# Reading outputs with pandas¶

If you are a scientist familiar with Pandas, you will be happy to know that it is possible to process the engine outputs with it. Here we will give an example involving hazard curves.

Suppose you ran the AreaSourceClassicalPSHA demo, with calculation ID=42; then you can process the hazard curves as follows:

```
>>> from openquake.baselib.datastore import read
>>> dstore = read(42)
>>> df = dstore.read_df('hcurves-stats', index='lvl',
... sel=dict(imt='PGA', stat='mean', site_id=0))
site_id stat imt value
lvl
0 0 b'mean' b'PGA' 0.999982
1 0 b'mean' b'PGA' 0.999949
2 0 b'mean' b'PGA' 0.999850
3 0 b'mean' b'PGA' 0.999545
4 0 b'mean' b'PGA' 0.998634
.. ... ... ... ...
44 0 b'mean' b'PGA' 0.000000
```

The dictionary `dict(imt='PGA', stat='mean', site_id=0)`

is used to select
subsets of the entire dataset: in this case hazard curves for mean PGA for
the first site.

If you do not like pandas, or for some reason you prefer plain numpy arrays,
you can get a slice of hazard curves by using the `.sel`

method:

```
>>> arr = dstore.sel('hcurves-stats', imt='PGA', stat='mean', site_id=0)
>>> arr.shape # (num_sites, num_stats, num_imts, num_levels)
(1, 1, 1, 45)
```

Notice that the .sel method does not reduce the number of dimensions of the original array (4 in this case), it just reduces the number of elements.

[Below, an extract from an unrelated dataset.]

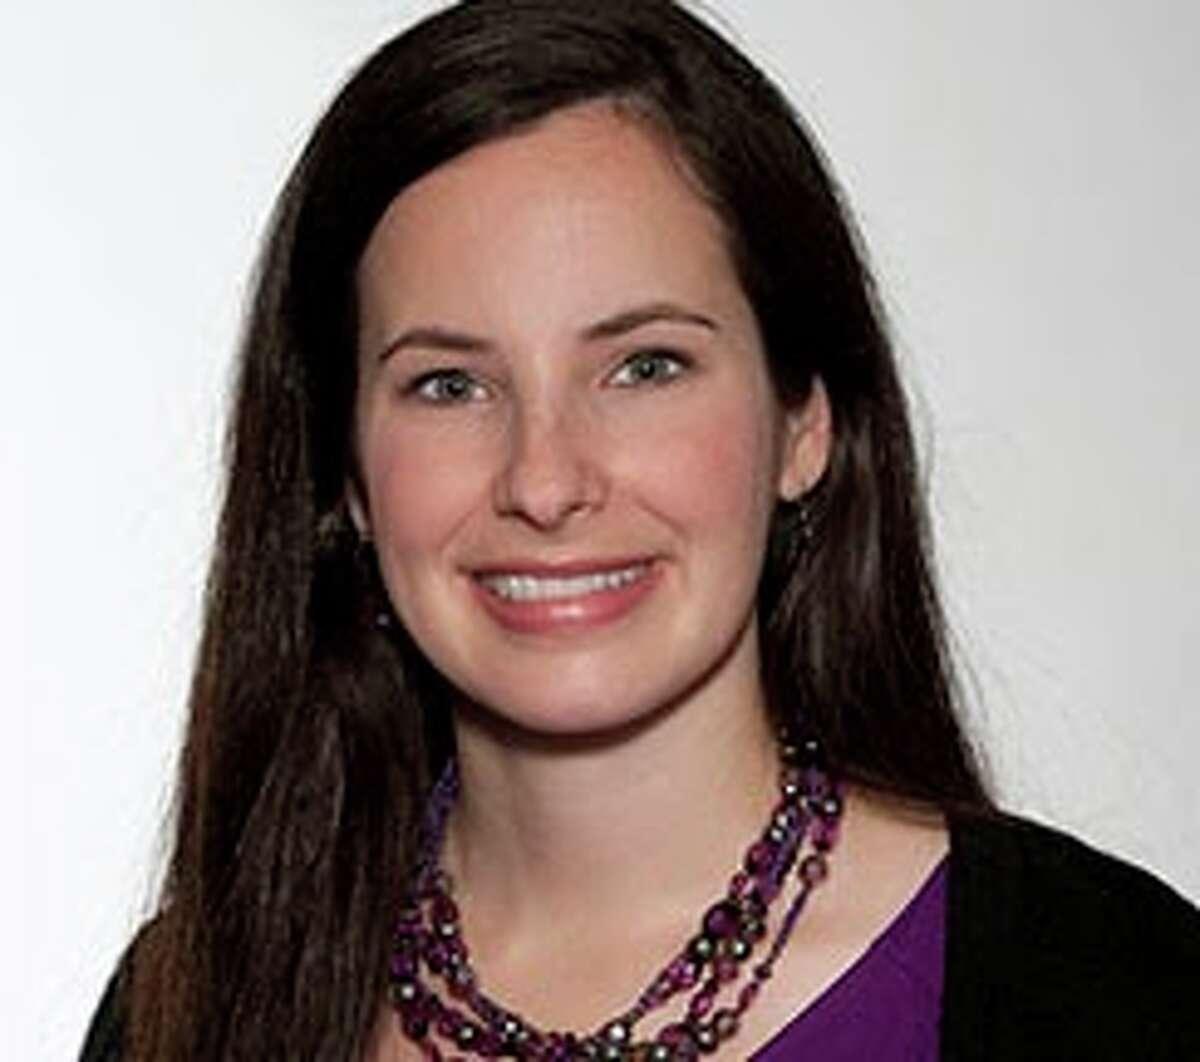 Ashley England received her alternative teacher certification from LeTourneau University.
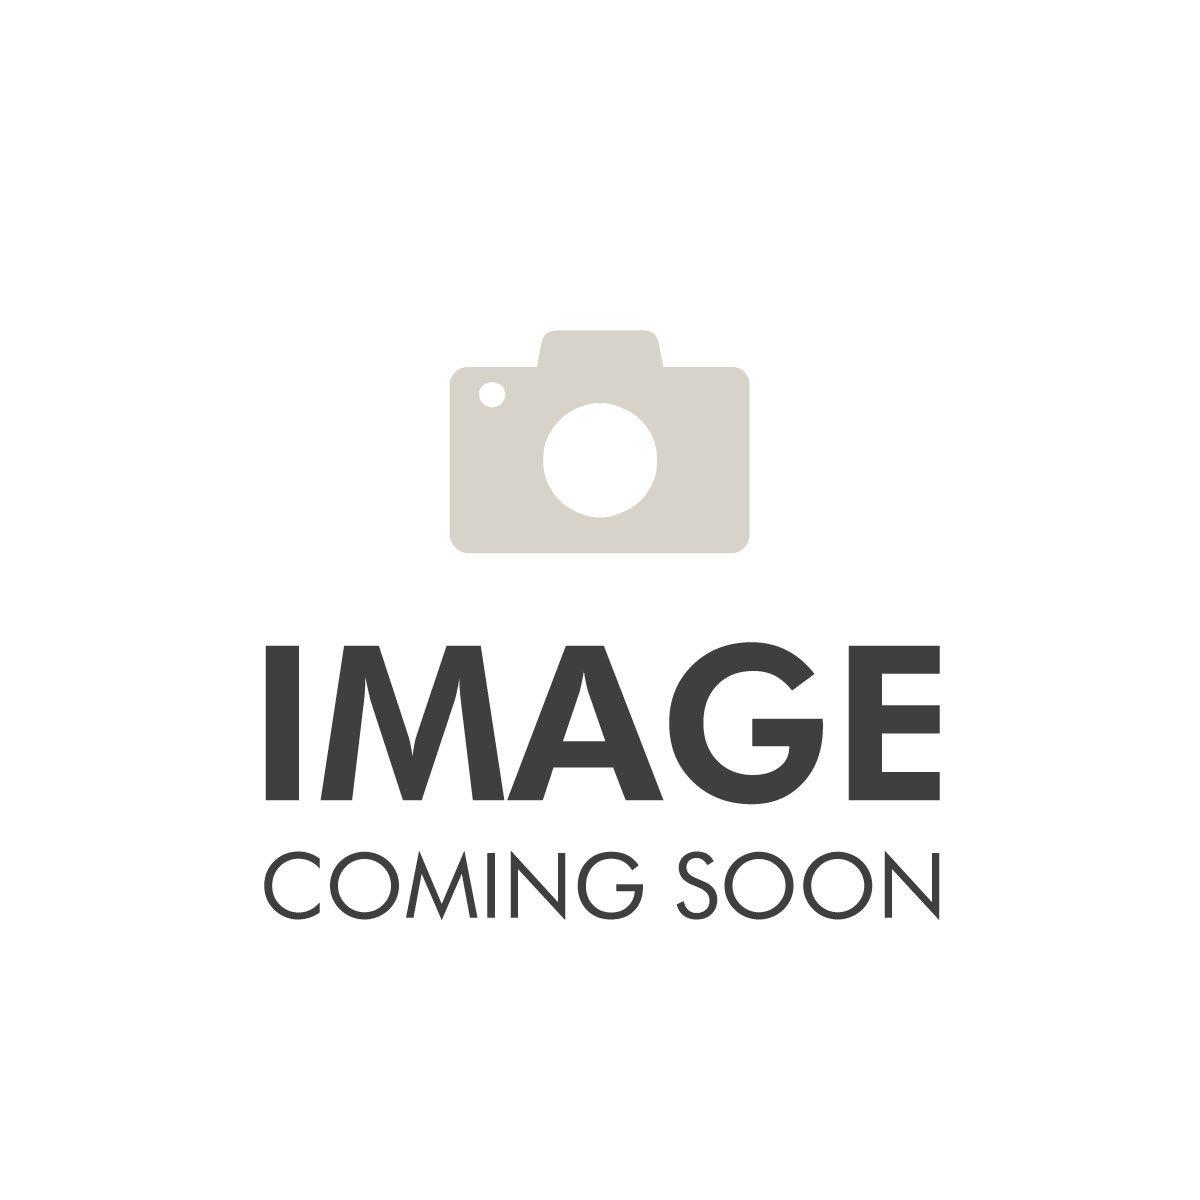 Olaplex Stand Alone Stylist Single Use Treatment Kit- Step 1 Bond

It was inspired by a similar functionality in xarray.

## Example: how many events per magnitude?¶

When analyzing an event based calculation, users are often interested in
checking the magnitude-frequency distribution, i.e. to count how many
events of a given magnitude present in the stochastic event set for
a fixed investigation time and a fixed `ses_per_logic_tree_path`

.
You can do that with code like the following:

```
def print_events_by_mag(calc_id):
# open the DataStore for the current calculation
dstore = datastore.read(calc_id)
# read the events table as a Pandas dataset indexed by the event ID
events = dstore.read_df('events', 'id')
# find the magnitude of each event by looking at the 'ruptures' table
events['mag'] = dstore['ruptures']['mag'][events['rup_id']]
# group the events by magnitude
for mag, grp in events.groupby(['mag']):
print(mag, len(grp)) # number of events per group
```

If you want to now the number of events per realization and per stochastic
event set you can just refine the groupby clause, using the list
`['mag', 'rlz_id', 'ses_id']`

instead of simply `['mag']`

.

Given an event, it is trivial to extract the ground motion field
generated by that event, if it has been stored (warning: events
producing zero ground motion are not stored). It is enough to read
the `gmf_data`

table indexed by event ID, i.e. the `eid`

field:

```
>>> eid = 20 # consider event with ID 20
>>> gmf_data = dstore.read_df('gmf_data', index='eid') # engine>3.11
>>> gmf_data.loc[eid]
sid gmv_0
eid
20 93 0.113241
20 102 0.114756
20 121 0.242828
20 142 0.111506
```

The `gmv_0`

refers to the first IMT; here I have shown an example with a
single IMT, in presence of multiple IMTs you would see multiple columns
`gmv_0, gmv_1, gmv_2, ...`

. The `sid`

column refers to the site ID.

As a following step, you can compute the mean hazard curves at each site from the ground motion values by using the function gmvs_to_poes, available since engine 3.10:

```
>>> from openquake.commonlib.calc import gmvs_to_poes
>>> gmf_data = dstore.read_df('gmf_data', index='sid')
>>> df = gmf_data.loc[0] # first site
>>> gmvs = [df[col].to_numpy() for col in df.columns
... if col.startswith('gmv_')] # list of M arrays
>>> oq = dstore['oqparam'] # calculation parameters
>>> poes = gmvs_to_poes(gmvs, oq.imtls, oq.ses_per_logic_tree_path)
```

This will return an array of shape (M, L) where M is the number of intensity measure types and L the number of levels per IMT.